Думал после боя прочитаю, но смутило меня то, что ждал то я письмо от Линды, а получил от Брэда потому и прочитал. Кто такой Брэд? Шалопай Брэд, мой лучший и
единственный друг, рыжий ирландец мы с ним до войны закончили одну летную школу,
и койки в казарме у нас были рядом, потом летали вместе на почтовике. Началась война, меня призвали в последние полтора года, переучивали на истребителя три месяца,
стрельба по конусу и другая военная наука. Переучили, лейтенантские погоны на плечи, и готов летчик - истребитель отправили на Окинаву.
Почему Брэд шалопай? В его семье все были законченные алкоголики, мать, отец, два старших брата один Брэд сумел выбраться из этого болота, сам наперекор всем и всему,
трудно ему было, очень трудно. На одном только ирландском упрямстве и выбрался.

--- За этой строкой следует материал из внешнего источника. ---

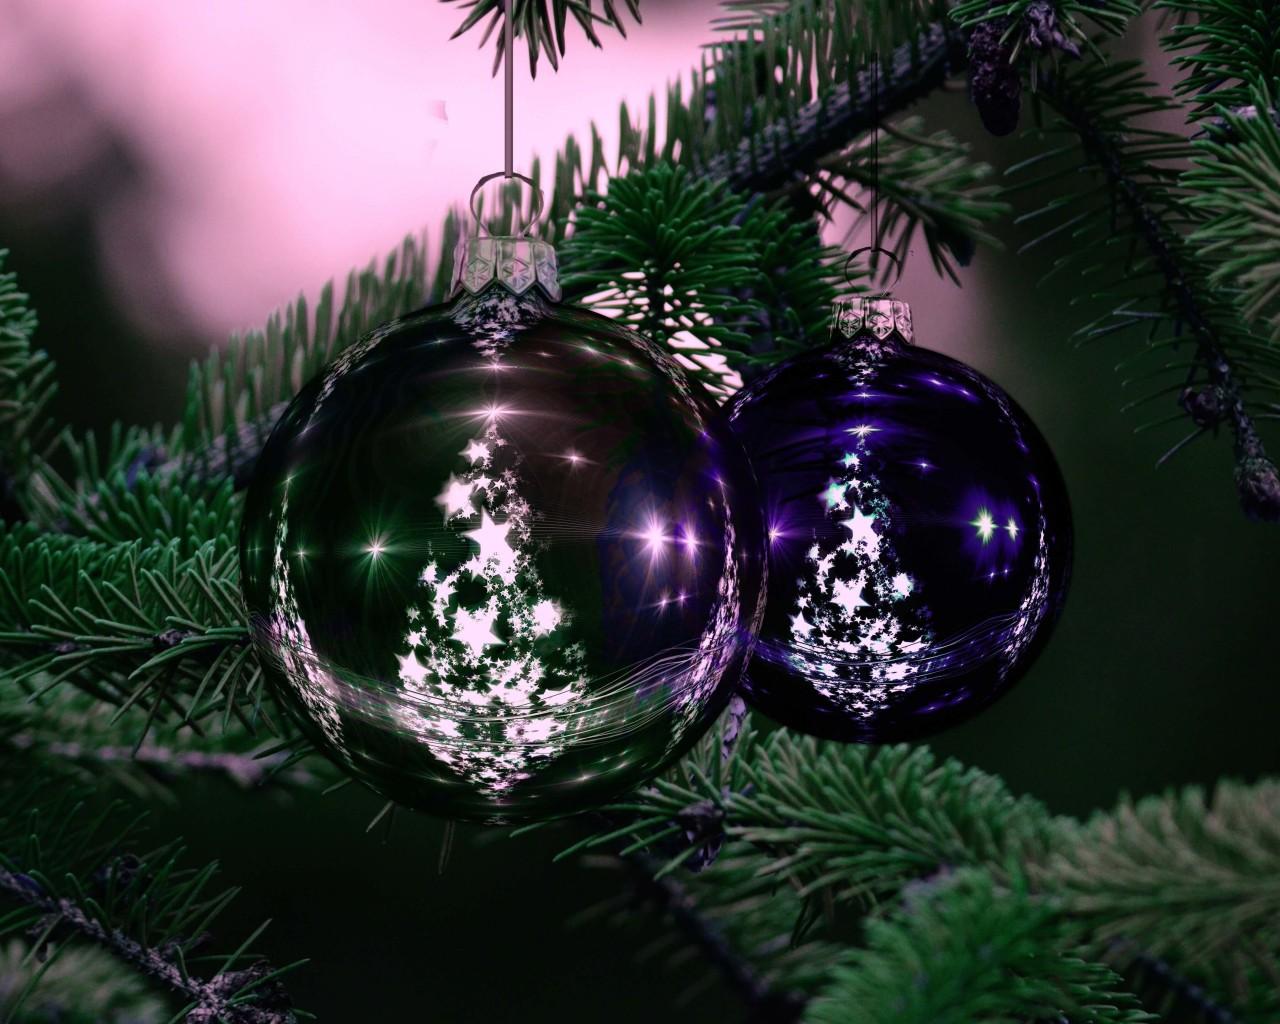 christmas tree desktop wallpaper 1280x1024 - photo #27

Он от всех скрывал, что у него за семья, а чтобы легче скрывать было, выбрал себе маску
шалопая, и не снимал. Брэд и выпивоха, и гуляка, и за любой юбкой без разбора волочится, такая у него была маска, все верили. На самом деле все было по-другому,
Брэд был очень ранимым, умным, и душевным человеком мой единственный, настоящий друг нас призвали вместе, только я попал в истребители, а его оставили в штатах. Летчик- испытатель, человек без нервов, Брэд был классный летчик, испытывать самолеты - как раз для его упрямой ирландской натуры.
В письме Брэд написал, что Линда в открытую живет со штабным майором, уже третий месяц, и вся часть это знает, раньше не писал, хотел с ней поговорить, в первый раз она ушла от разговора, а во второй наговорила ему такого. ... В письме Брэд кое-что пересказал. Из пересказа стало ясно - все правда, такое могла сказать только Линда
вот почему от нее так долго не было писем. Как же я ждал ее письмо ...

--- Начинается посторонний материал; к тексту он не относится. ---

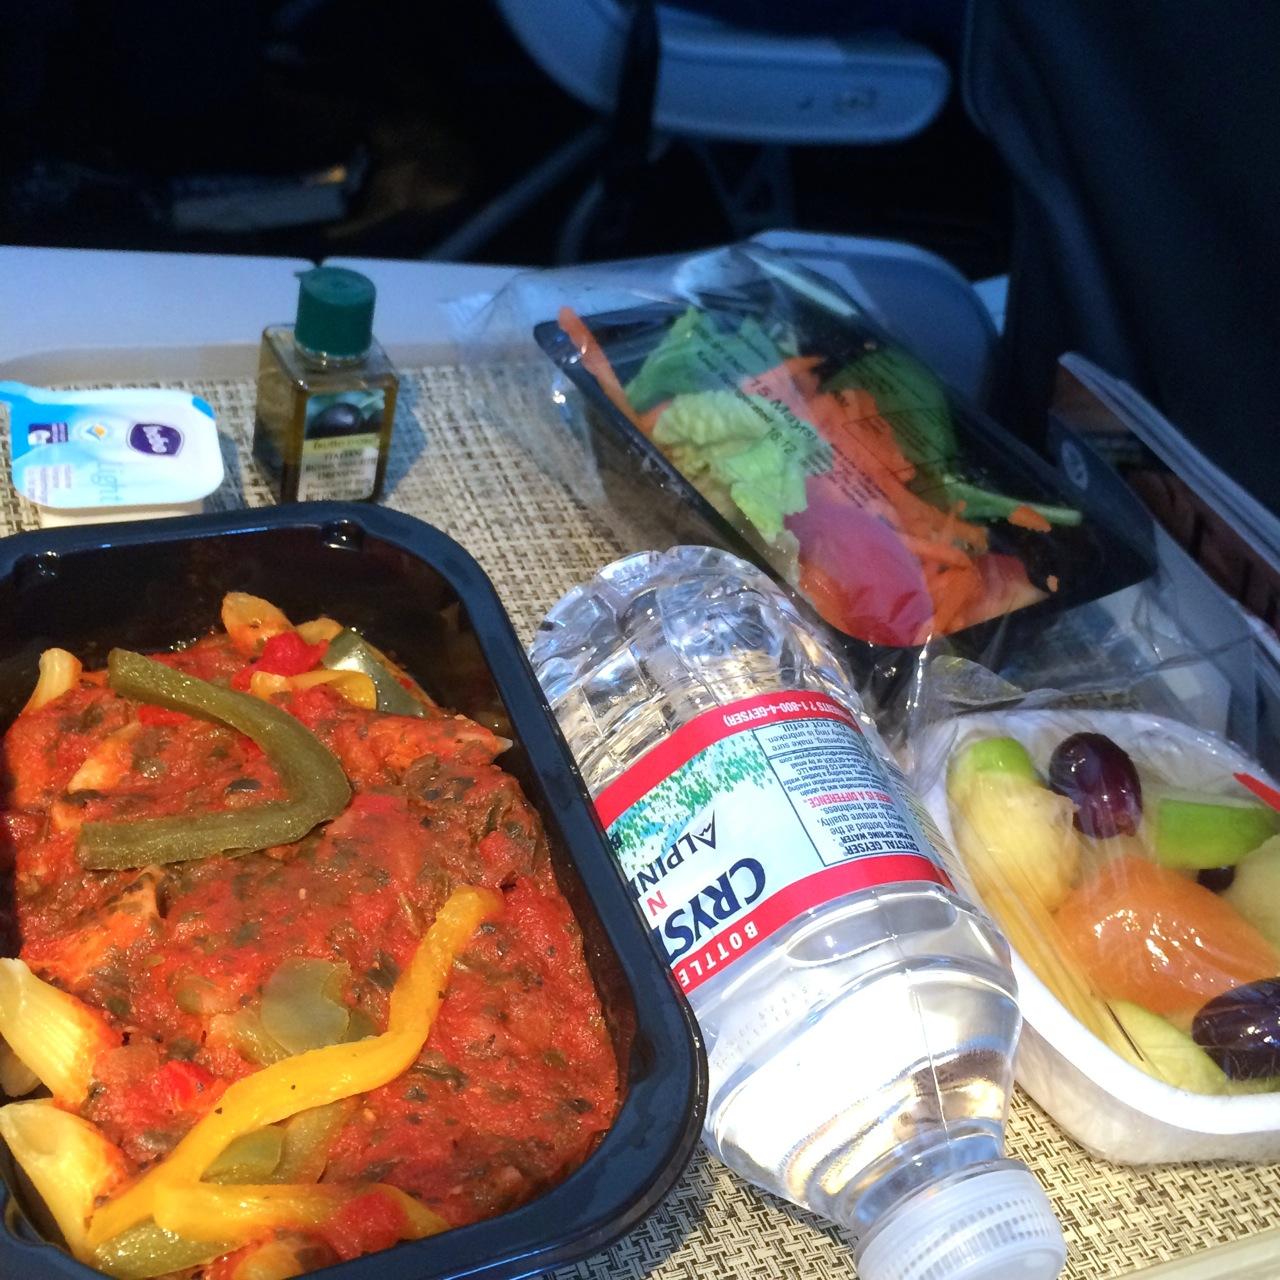 http://i1.wp.com/fatgayvegan.com/wp-content/uploads/2015/05/vegan-meal-American-Airlines.jpg?fit=1280%2C1280

Брэду Линда никогда не нравилась, она ему отвечала тем же, как только встретятся сразу как кошка с собакой. Все потому что я был женат. Жену звали Марта, у нас была дочь, наша маленькая Сьюзи, но случилось так, что когда малышке Сьюзи исполнилось три года, я встретил Линду. Влюбился в нее как мальчишка, все забыл, и Марту и Сьюзи.

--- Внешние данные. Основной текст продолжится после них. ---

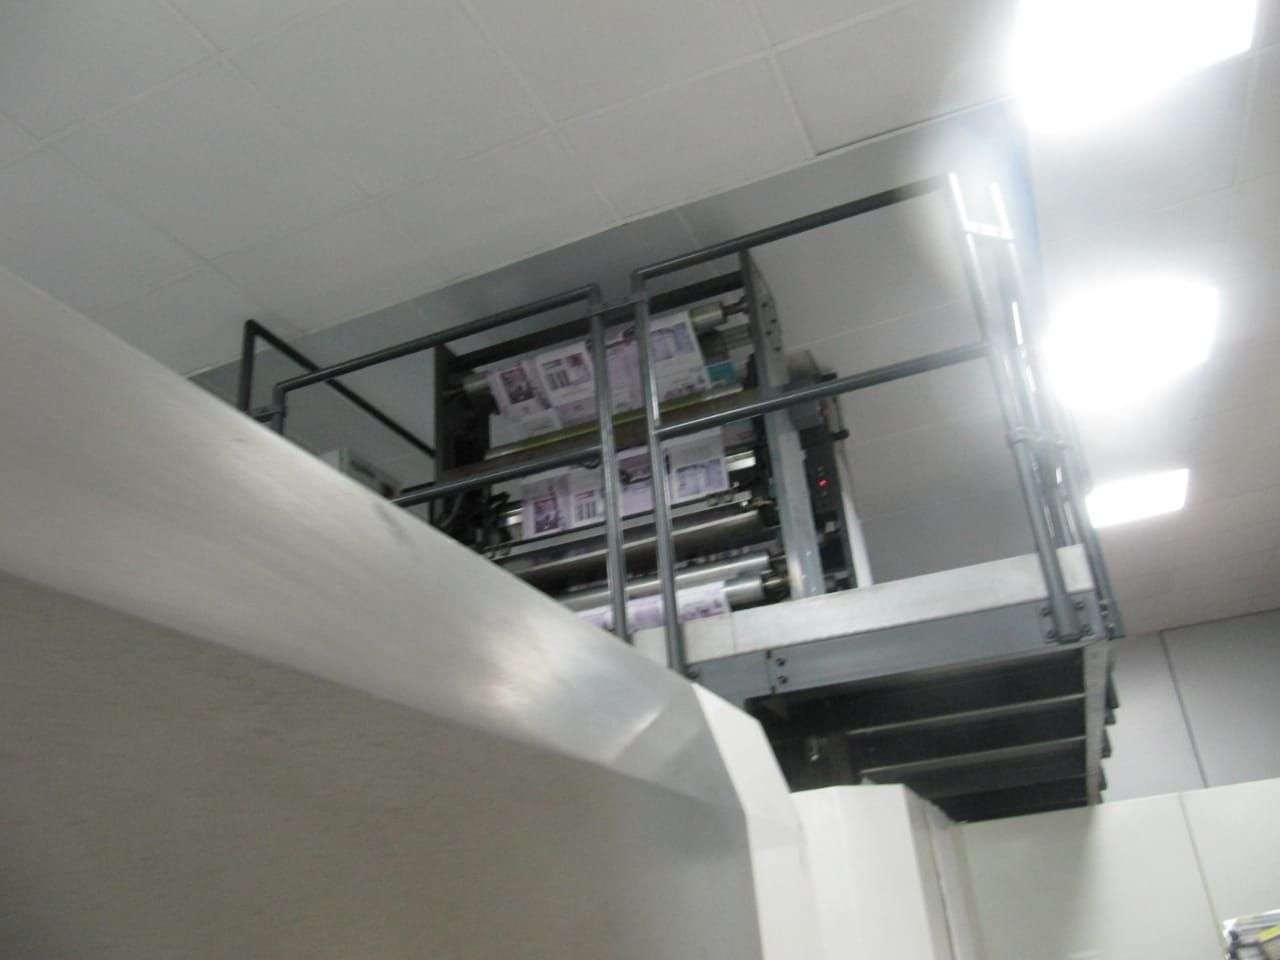 KOMORI SYSTEM 38 S, Jahr : 2011, ref.68788 | www.coci-sa.com/de | 68788n_2.jpg

В голове только Линда, наши отношения мы с Линдой скрывали, но разве от женского сердца это утаишь, однажды я вернулся домой, а в дверях чемодан с моими вещами, и записка от Марты, предоставляю тебе полную свободу, на разводе не настаиваю, так
дальше и пошло женат, на Марте, а живу с Линдой.
Как Линда плакала у меня на плече, перед моей отправкой на Окинаву, и клялась меня дождаться, Брэд стоял рядом, все видел, все слышал, не понравилось мне тогда его усмешка, ох не понравилась! Сейчас понимаю, прав был тогда Брэд, со своей этой усмешечкой, ох как прав. Вот такое письмо всучил мне перед вылетом, этот придурок Ковальски. Я дочитал письмо, оно жгло мне руки, жить не хотелось.
Схватка.
В этот день наша разведка ошиблась. Впервые. Мы долго искали в бесконечном небе эти
чертовы бомбардировщики, когда нашли, топлива у нас оставалось на двадцать минут боя.
Даже человеку незнакомому с авиацией известно, что такое точка возврата. Второй неприятной ошибкой была группа прикрытия, истребителей было не два звена, а три.
Только не сведущий человек думает, что воздушный бой идет сам по себе, если так, тогда это будет не бой, и даже не драка, а свалка, в которой ничего не разберешь, где свои, где чужие. Бой планируют на земле, первая часть нашей группы навязывает схватку истребителям прикрытия, тем самым, оставляя бомбовозы без защиты, вторая должна эти бомбовозы сбивать. Мне достались бомбовозы.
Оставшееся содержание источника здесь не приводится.